I would just like to start with a disclaimer, that I do in fact love my daycare. The facility is great, the people are great and I would recommend it to anyone.
Today, however I hate daycare, all daycares in general.
I hate that we stuff a bunch of germ loving kids in a building and then just sit back and wait to see what kind of super bacteria we can create. I hate that whenever I take Charlie to the doctor that I get the "oh that explains it" face whenever I tell them he goes to daycare.
I hate that he had one consistent ear infection for the whole month of July that ultimately resulted in a ruptured ear drum because the bacteria that was living in there was resistant to every antibiotic we tried. I hate the rare days that I go to pick him up and find him crying. I hate that Monday they thought he had pink eye (because it was going around) and then today they call to tell me they think he has hand, foot and mouth disease (something that frankly sounds like it was named in the middle ages). He did not turn out to have pink eye, but does in fact have hand, foot and mouth.
I hate that this has been a hard month for Charlie. Up until now he has loved daycare. He could have cared less when Tony and I dropped him off in the morning, and most afternoons I had to pull him away from his friends or his toy and essentially force him to come home with me.

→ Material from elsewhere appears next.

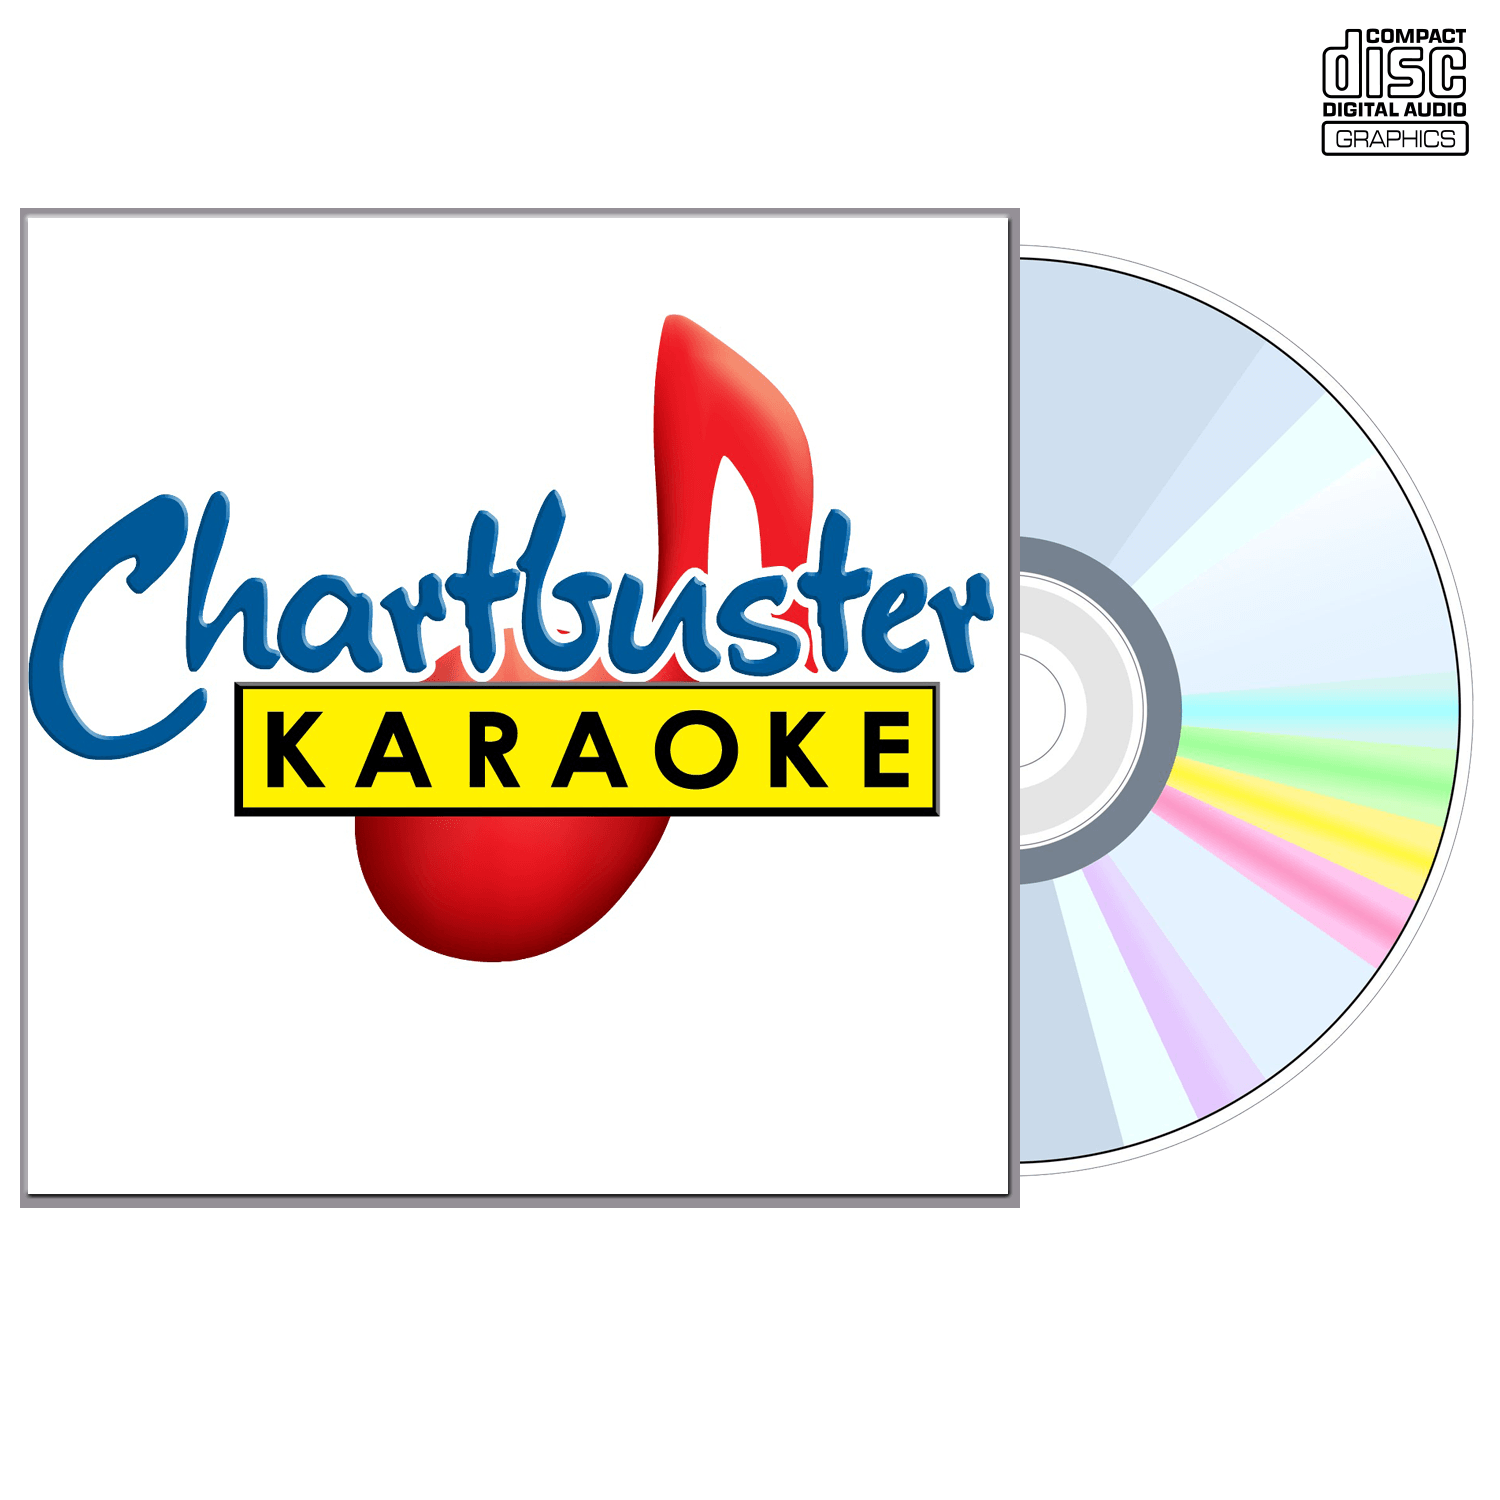 After The Beatles - CD+G - Chartbuster Karaoke - Karaoke Home Entertainment

He made the move to the toddler room this month and while it`s a great thing for him socially, as he now has kids his own age to play with, the change in nap schedule and the sheer increase in daily activities has realy worn him out. Him being super worn out only increases the likelihood that he has a night terror, and it`s awful feeling like you can`t help prevent his night terrors, because most days of the week you aren`t in charge of his nap schedule.

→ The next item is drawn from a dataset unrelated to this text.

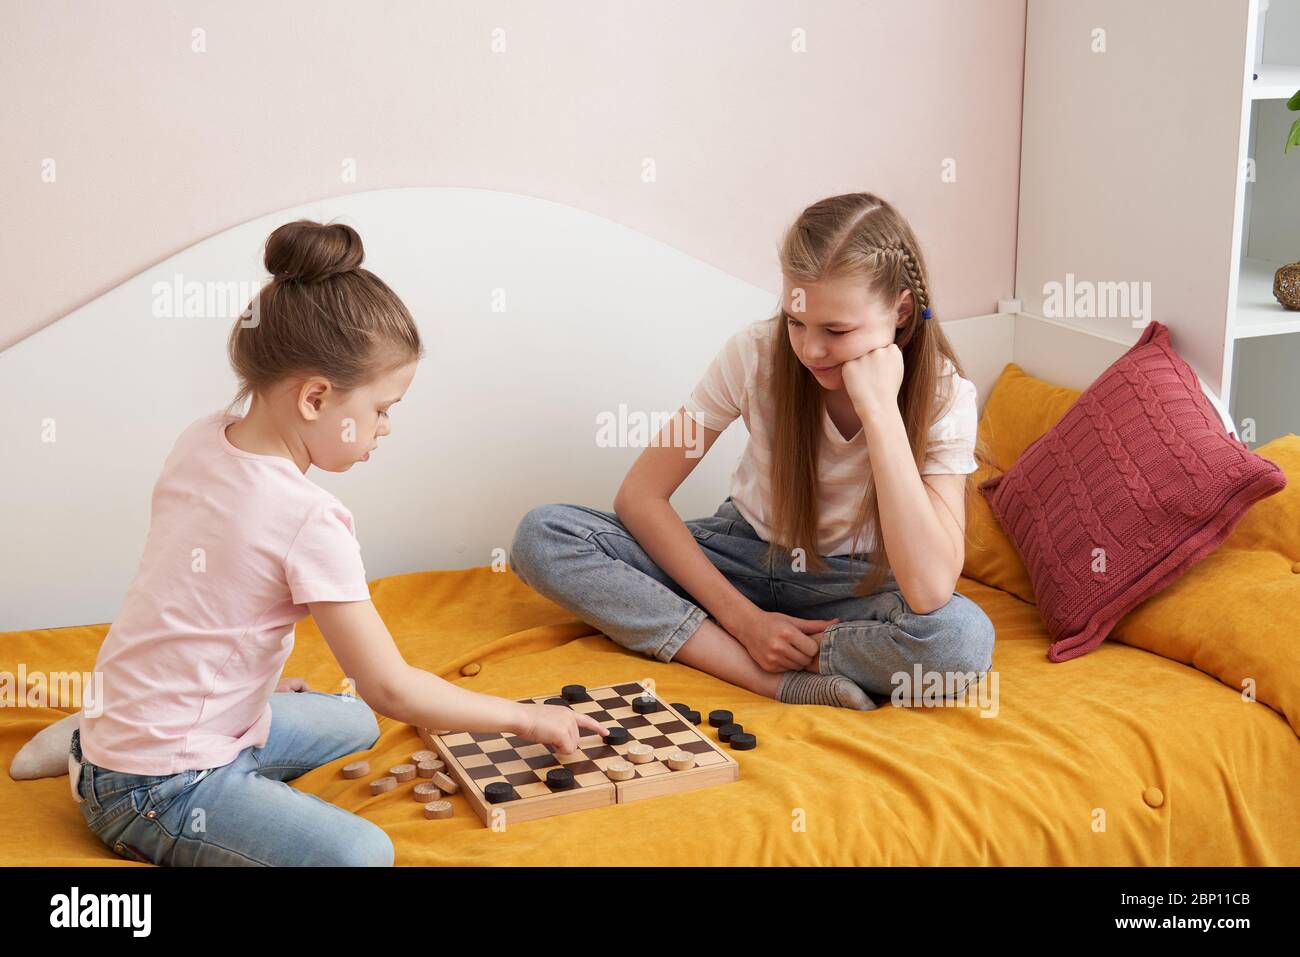 Игра в карты с сестрами. Дети 2 сестры играют на раздевание. Две сестры лежа на полу играют в шашки. Во что можно поиграть с сестренкой. Брат с сестрой играли в игру на раздевание а потом потрахались.

He is super eager to leave when I pick him up. He runs to me and gives me a hug, which makes me feel great, but then he impatiently stands pointing at the door instructing me to get him the hell out of there (or at least that is what I imagine him saying).
He cried last week when I had to drop him off in the morning, and it was awful- I hated that too.
I love my job, and I`m happy I get to be a mom and a professional, but today I hate daycare.